Hacibey Ibrahim, Kaba Esat
Department of Urology, Basaksehir Çam and Sakura City Hospital, Istanbul, Turkey.
Department of Radiology, Recep Tayyip Erdogan University, Rize, Turkey.
Radiologie (Heidelb). 2025 Aug 24. doi: 10.1007/s00117-025-01499-x.
The Bosniak classification system is widely used to assess malignancy risk in renal cystic lesions, yet inter-observer variability poses significant challenges. Large language models (LLMs) may offer a standardized approach to classification when provided with textual descriptions, such as those found in radiology reports.
This study evaluated the performance of five LLMs-GPT‑4 (ChatGPT), Gemini, Copilot, Perplexity, and NotebookLM-in classifying renal cysts based on synthetic textual descriptions mimicking CT report content.
A synthetic dataset of 100 diagnostic scenarios (20 cases per Bosniak category) was constructed using established radiological criteria. Each LLM was evaluated using zero-shot and few-shot prompting strategies, while NotebookLM employed retrieval-augmented generation (RAG). Performance metrics included accuracy, sensitivity, and specificity. Statistical significance was assessed using McNemar's and chi-squared tests.

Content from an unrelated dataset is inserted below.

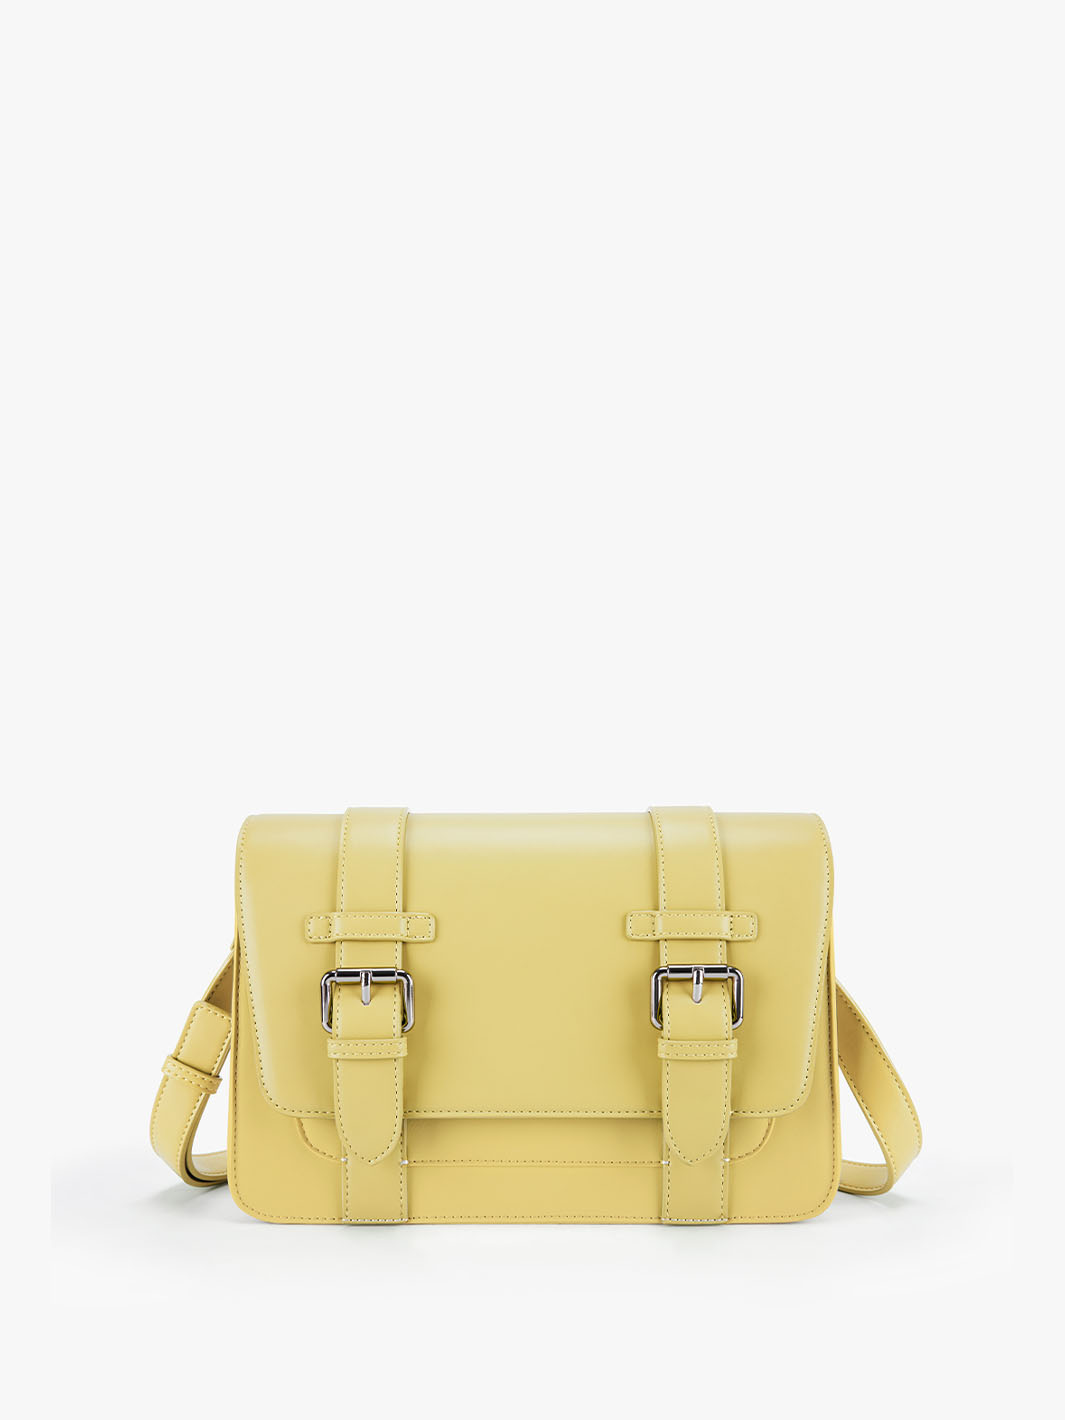 MINI COCO PURSE Crossbody Handbags (Yellow) - COOL KIDS BKLYN BOUTIQUE LLC

GPT‑4 achieved the highest accuracy (87% zero-shot, 99% few-shot), followed by Copilot (81-86%), Gemini (55-69%), and Perplexity (43-69%). NotebookLM, tested only under RAG conditions, reached 87% accuracy. Few-shot learning significantly improved performance (p < 0.05). Classification of Bosniak IIF lesions remained challenging across models.

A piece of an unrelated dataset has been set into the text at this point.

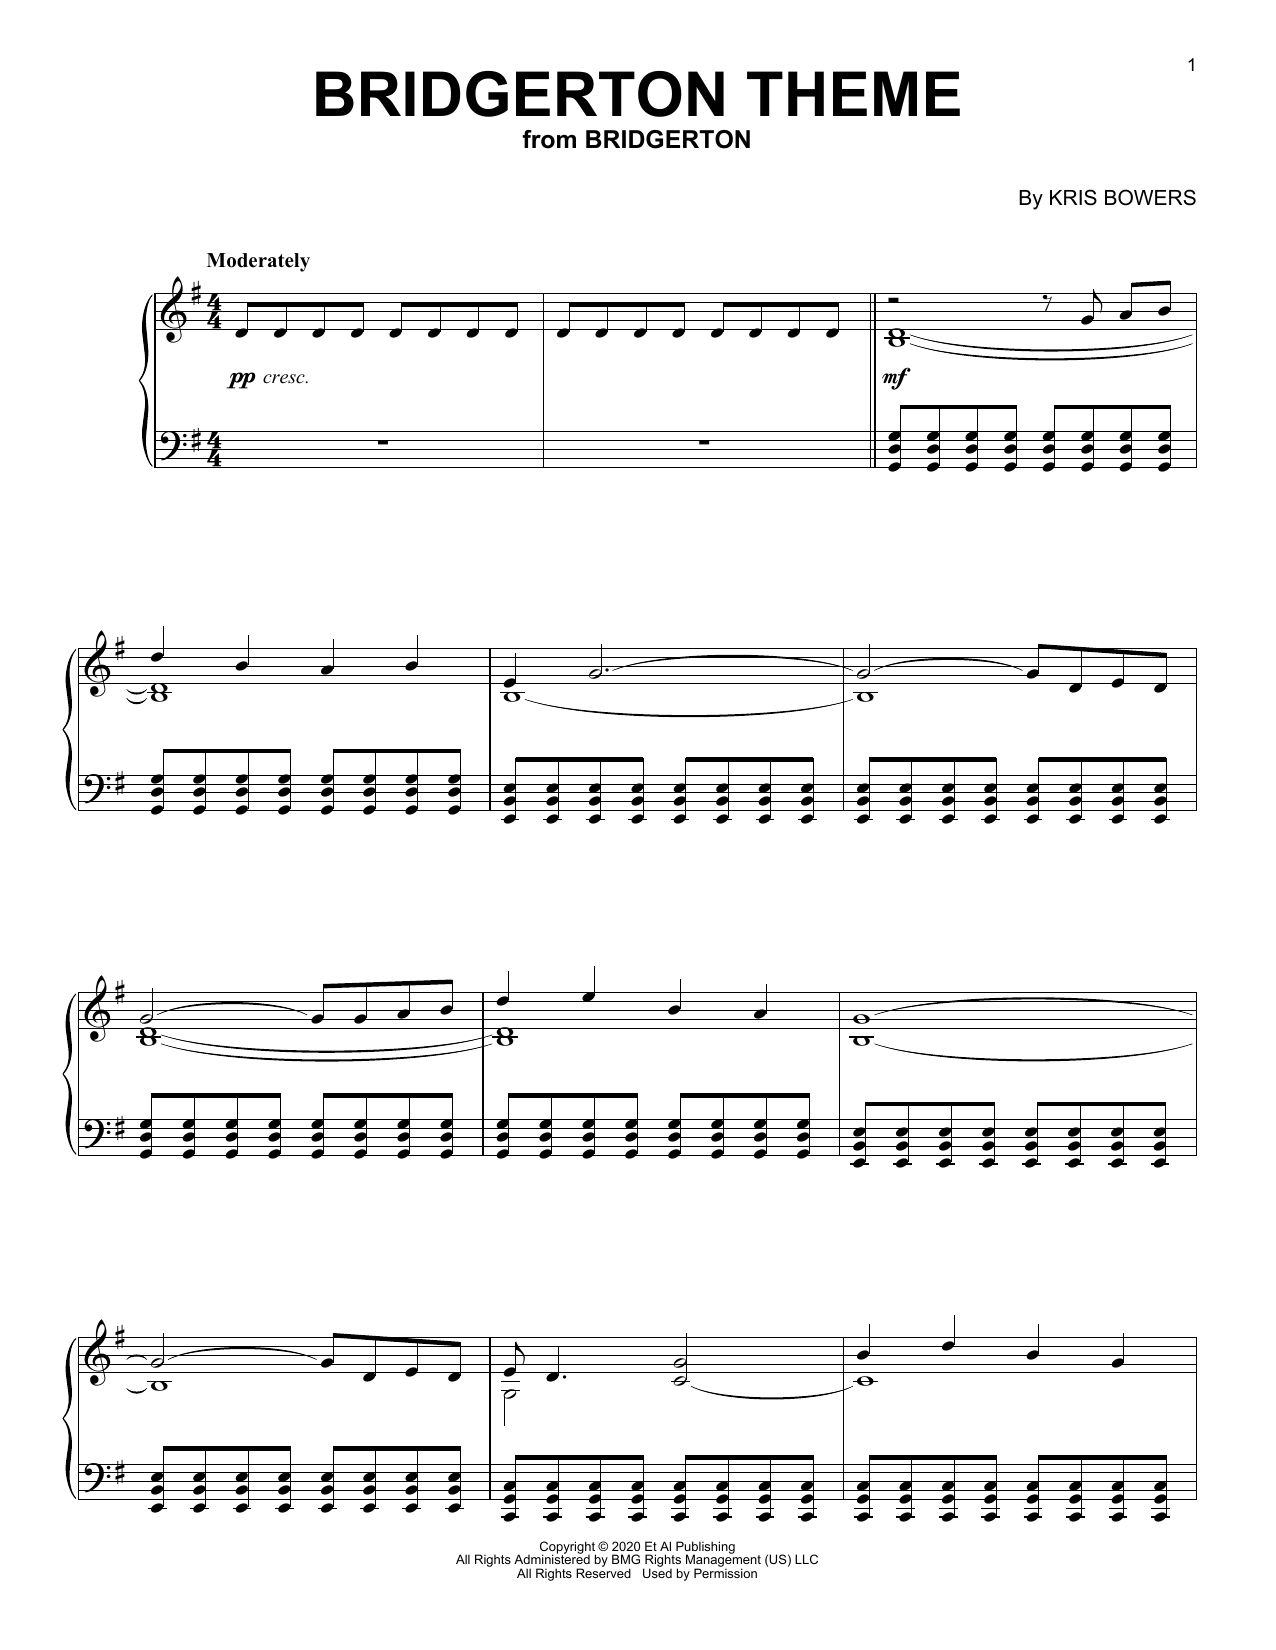 Kris Bowers Bridgerton Theme (from the Netflix series Bridgerton) Sheet Music Notes & Chords for Piano Solo - Download or Print PDF

When provided with well-structured textual descriptions, LLMs can accurately classify renal cysts. Few-shot prompting significantly enhances performance. However, persistent difficulties in classifying borderline lesions such as Bosniak IIF highlight the need for further refinement and real-world validation.
博斯尼亚克分类系统广泛用于评估肾囊性病变的恶性风险,但观察者间的差异带来了重大挑战。当提供文本描述(如放射学报告中的描述)时,大语言模型(LLMs)可能会提供一种标准化的分类方法。
本研究评估了五种大语言模型——GPT-4(ChatGPT)、Gemini、Copilot、Perplexity和NotebookLM——基于模拟CT报告内容的合成文本描述对肾囊肿进行分类的性能。
使用既定的放射学标准构建了一个包含100个诊断场景(每个博斯尼亚克类别20例)的合成数据集。每个大语言模型使用零样本和少样本提示策略进行评估,而NotebookLM采用检索增强生成(RAG)。性能指标包括准确性、敏感性和特异性。使用麦克尼马尔检验和卡方检验评估统计学意义。
GPT-4的准确性最高(零样本时为87%,少样本时为99%),其次是Copilot(81%-86%)、Gemini(55%-69%)和Perplexity(43%-69%)。仅在RAG条件下测试的NotebookLM的准确性达到87%。少样本学习显著提高了性能(p<0.05)。博斯尼亚克IIF病变的分类在各模型中仍然具有挑战性。
当提供结构良好的文本描述时,大语言模型可以准确地对肾囊肿进行分类。少样本提示显著提高了性能。然而,对诸如博斯尼亚克IIF等临界病变进行分类时持续存在的困难凸显了进一步完善和进行现实世界验证的必要性。